Point your load balancer or Kubernetes probes at /healthz/ready. That way, a freshly-started instance won't receive traffic until it's actually ready.

For identity servers, consider going deeper: Duende IdentityServer's deployment docs include health-check examples that probe the discovery and JWKS endpoints directly. A healthy discovery response proves the configuration store is reachable. A healthy JWKS response proves the signing key store is working. Both are critical dependencies that a generic "self" check won't catch.

Graceful Shutdown

When an orchestrator wants to remove an instance (e.g., during a rolling update, scaling down, or a node drain), it sends a shutdown signal. Your app has a window to finish in-flight requests before it gets forcibly killed. The default ShutdownTimeout is 30 seconds, which may not be enough if you have background services draining queues or long-running requests still in progress.

// Program.cs
builder.Services.Configure<HostOptions>(options =>
{
    // Give background services more time to finish
    options.ShutdownTimeout = TimeSpan.FromSeconds(60);
});

And in any BackgroundService you write, always honor the stoppingToken:

// In a BackgroundService subclass:
protected override async Task ExecuteAsync(CancellationToken stoppingToken)
{
    while (!stoppingToken.IsCancellationRequested)
    {
        await DoWorkAsync(stoppingToken); // Pass the token all the way down
    }
}

A service that ignores the cancellation token will be abandoned at shutdown, potentially leaving work in a half-finished state.
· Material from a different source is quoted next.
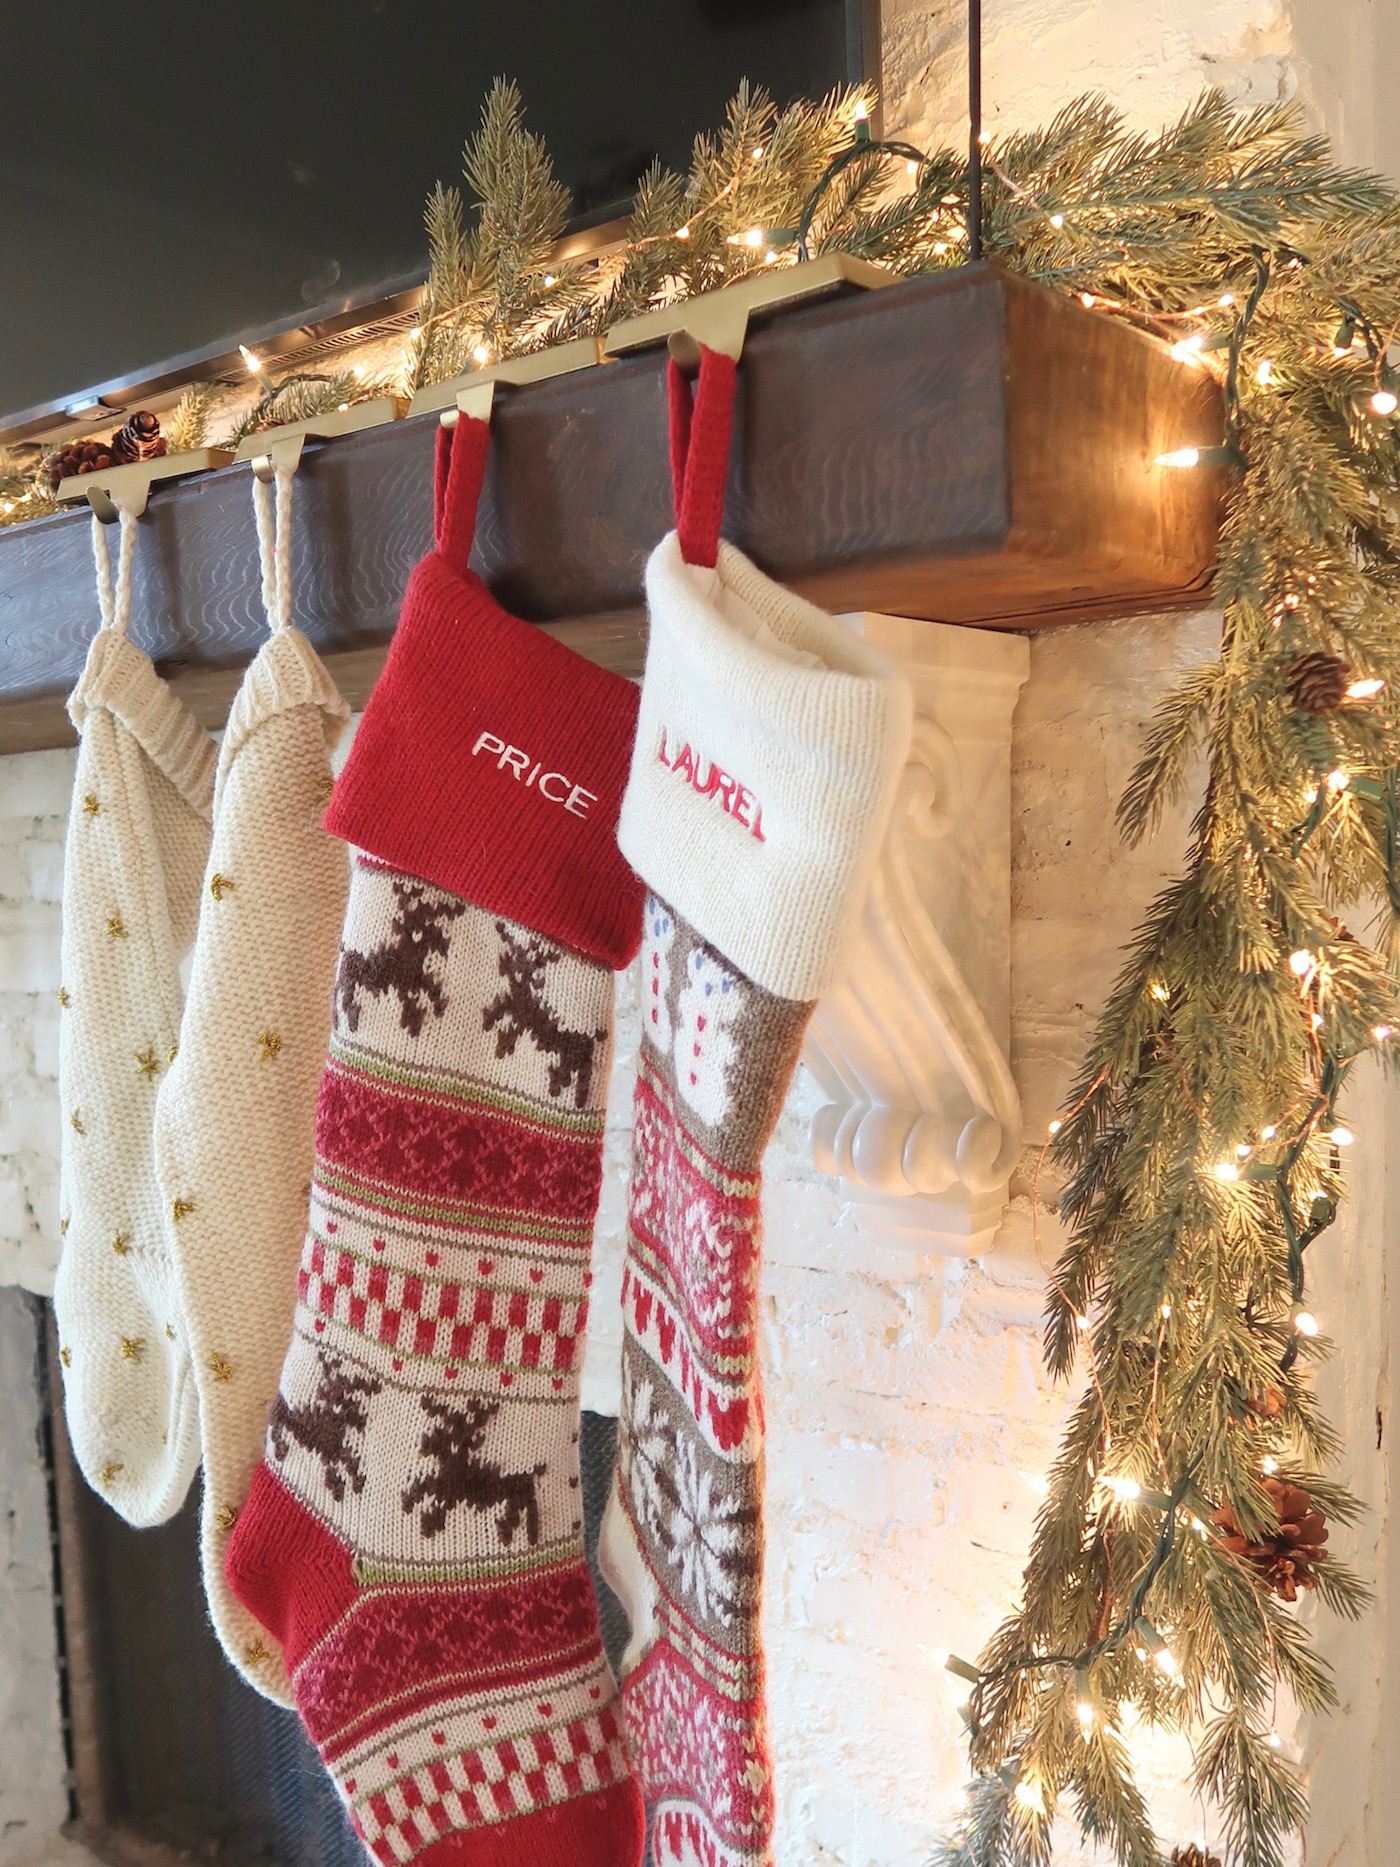 Stockings are hung by the chimney with care!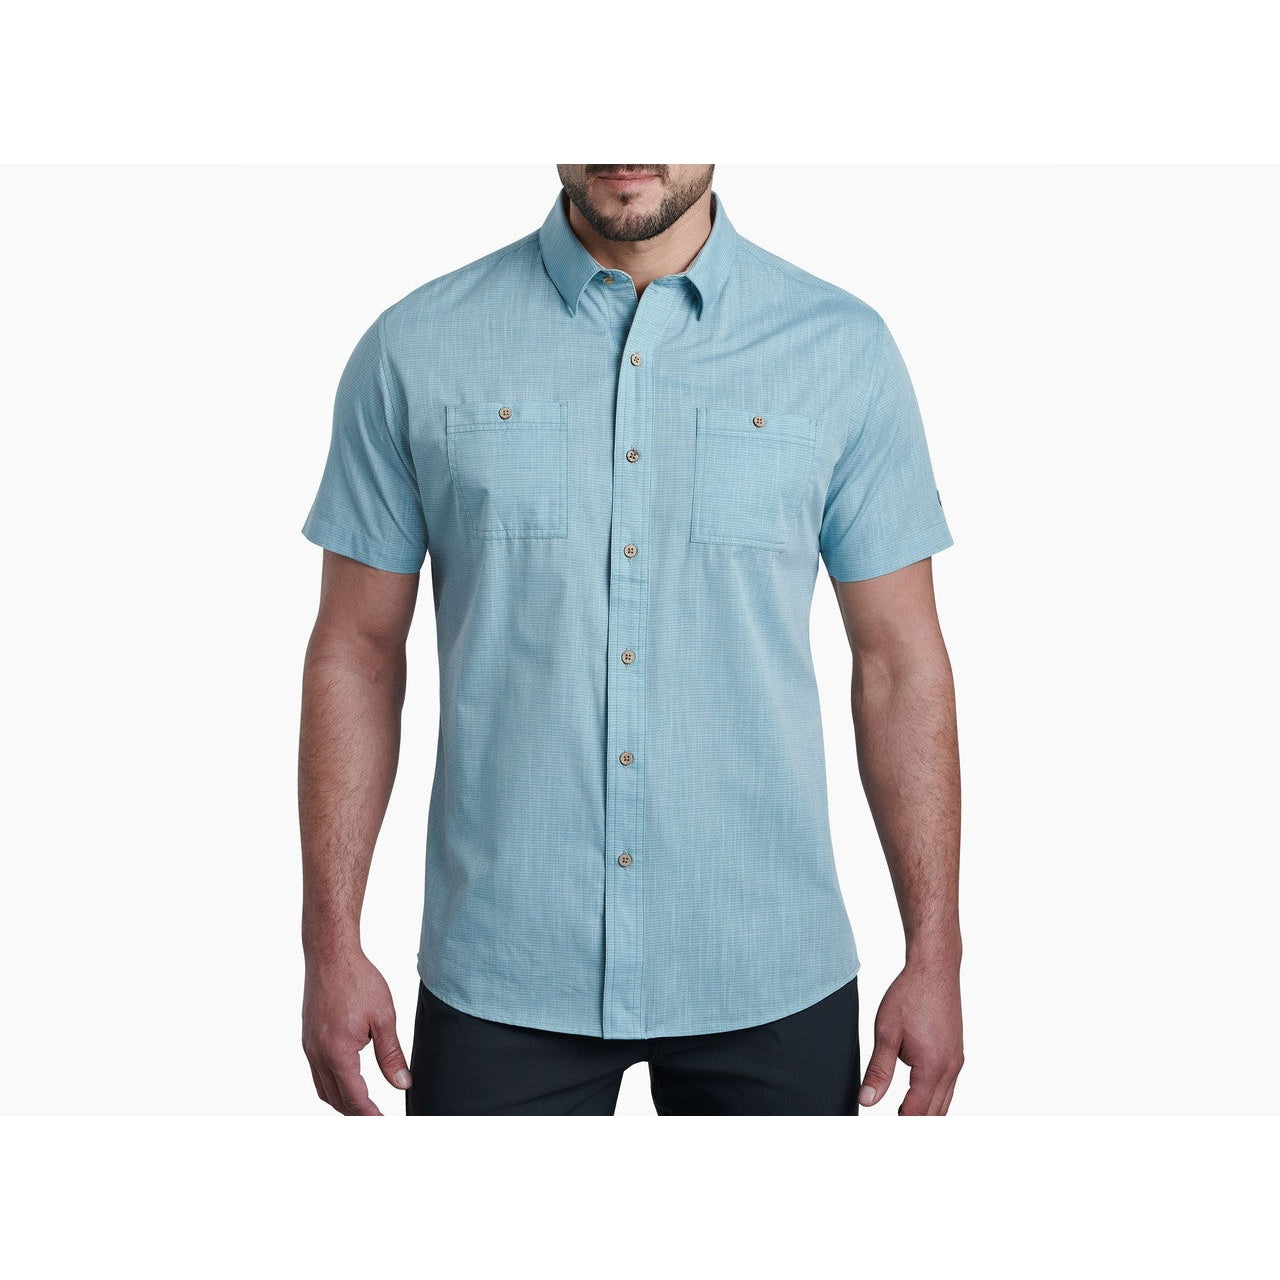 Kuhl Karib Stripe S/S Shirt-MENS CLOTHING-CLEAR WATER-S-Kevin's Fine Outdoor Gear & Apparel

Observability with OpenTelemetry

Running multiple instances means logs, traces, and metrics arrive from several processes simultaneously. Without structured, correlated observability, debugging a production issue becomes an exercise in grepping through logs, hoping you land on the right instance.

.NET has first-class OpenTelemetry support. Wire it up early:

// Program.cs
builder.Services.AddOpenTelemetry()
    .ConfigureResource(r => r.AddService(
        serviceName: "my-app",
        serviceVersion: "1.0.0"))
    .WithTracing(tracing => tracing
        .AddAspNetCoreInstrumentation()
        .AddHttpClientInstrumentation()
        .AddOtlpExporter()) // OTEL_EXPORTER_OTLP_ENDPOINT env var
    .WithMetrics(metrics => metrics
        .AddAspNetCoreInstrumentation()
        .AddRuntimeInstrumentation()
        .AddOtlpExporter())
    .WithLogging(logging => logging
        .AddOtlpExporter()); // .NET 9+: unified logging via OTLP (no separate AddOpenTelemetryLogging() needed)

The serviceName attribute is what ties all the telemetry from your instances together in your observability backend. Every trace, every metric, every log line carries it. Set it to something consistent and meaningful.

If you're running Duende IdentityServer, it emits its own OpenTelemetry traces and metrics out of the box. You get counters for token issuance, client secret validation, introspection, and more. The traces are especially useful for following auth flows across service boundaries in a multi-instance setup.

Avoid Console.WriteLine for diagnostic output. Use ILogger<T> everywhere. It writes structured logs that can be queried and correlated.

Kubernetes

With the universal checklist out of the way, let's look at what's specific to running ASP.NET Core in Kubernetes.

Container Images

.NET 8 made rootless containers the default, and it's a meaningful security improvement. The app user (UID 1654) is built into all mcr.microsoft.com/dotnet/aspnet images, and the default port was migrated from 80 (requires root) to 8080.

Tip for .NET 8+: If you're still mapping port 80 in your Dockerfile or K8s manifests, update to 8080. The environment variable ASPNETCORE_HTTP_PORTS=8080 is set by default in the base images.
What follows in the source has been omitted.